Прямо беда с вами всеми ! 

Василий тяжело вздохнул, и выйдя из дома колдуньи, медленно пошел через весь лес к своему жилищу. Меж тем норка Анфиса еще не совсем верила своему счастью: внезапно свалившийся на ее голову хорек со всеми его завихрениями, катаклизмами и талантами семенил по лесной тропинке, и уже почти скрылся в глубине леса. И пока ее не отвлек очередной страдалец или искатель непонятных талантов, сочла она за благо заварить новую порцию чая и попробовать принесенное совой Василисой сладкое иноземное яство. 

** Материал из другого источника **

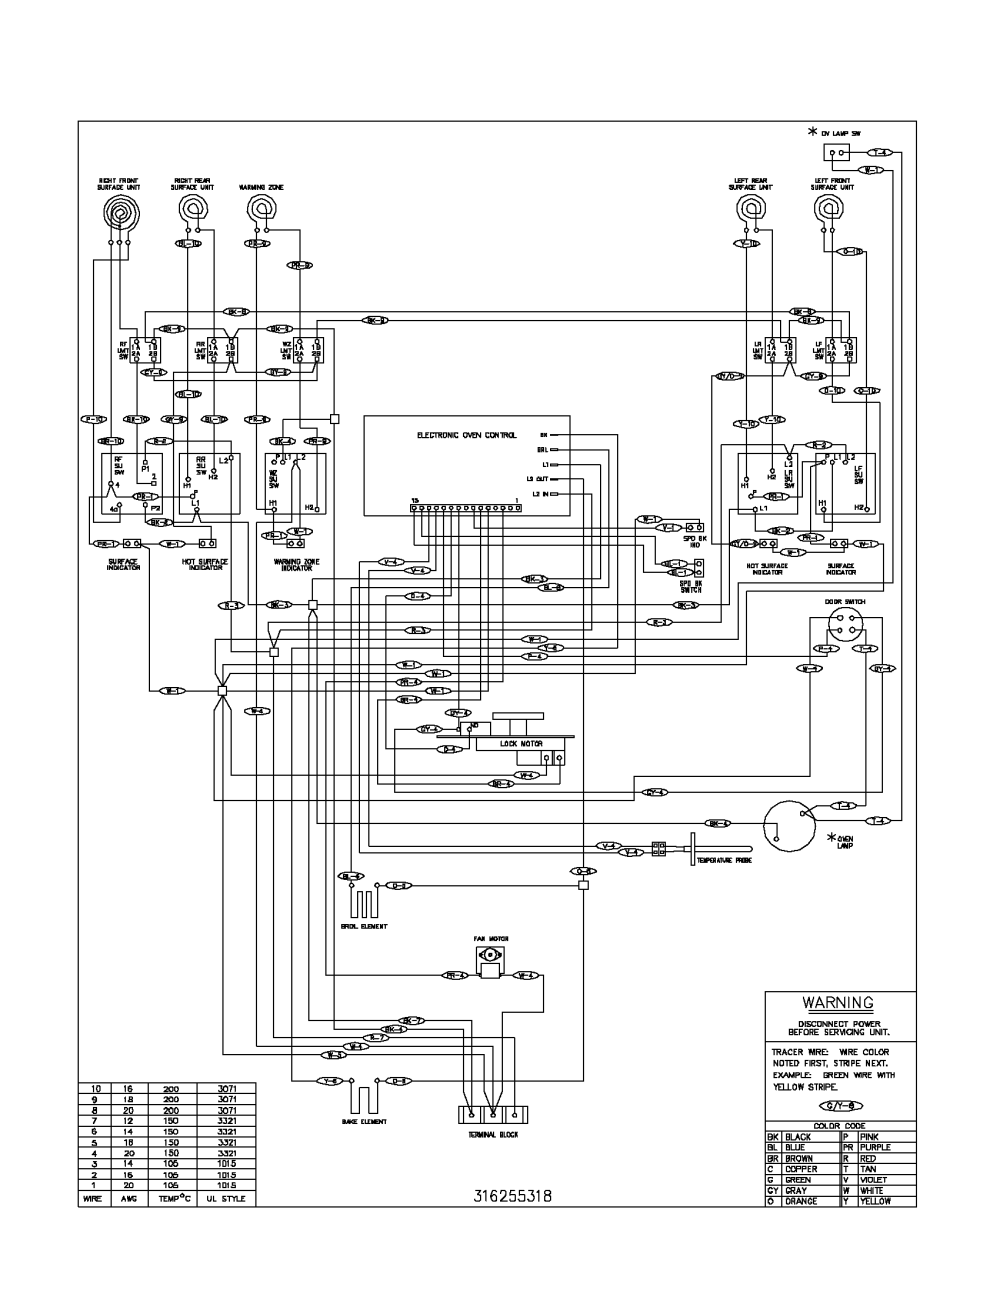 medium resolution of kelvinator wall oven wiring diagram wiring libraryfrigidaire glef378cqb electric range timer stove clocks frigidaire wall oven

Василий, продолжая топать по старинной грибной тропе в самую глубь Дальнего Леса, искренне верил в то, что у него на самом деле есть теперь необычайный дар судьбы. Он ждал, что предмет его творчества придет с минуты на минуту. Вот только смутное подозрение, что заплутал  предмет его искусства где-то на дальних подходах к Дальнему Лесу, не давало Василию никакого покоя. Решил хорек Василий отправиться на поиски своего предмета искусства, начиная с привычной южной оконечности  леса и опушек невдалеке от Серебрянного Озера, которое находилось почти прямо около  порога  домика норки Анфисы. 
Василий шел необычно медленно, но ни у многовековых великанов-дубов, ни  у раскидистых говорливых тополей, ни у бесчисленных кустов занихватских ягод  никакой заплутавший предмет искусства к нему не приходил. Приходили и уходили знакомые хорьки и веселые мышата, промчался вечно куда-то опаздывающий работяга-олень. Бурый медведь грозного вида чуть не сбил его с ног, но затем мило улыбнулся и пожелал хорошего дня. Не надо бояться тех кто имеет грозный вид, - подумал Василий, - надо бояться привычных и милых ехидн обоего пола...

Выдренок Константин, свидетель того как Василий натолкнулся на бурового медведя, спрятался в кустах крыжовника. А когда все разрешилось мирно, выбежал оттуда и направился к норке Анфисе, чуть не сбив с ног Василия. Но вся эта суета ничуть не тронула хорька. Ведь его дар все еще мирно спал где-то в глубине груди и не собирался ничего рассказывать о себе.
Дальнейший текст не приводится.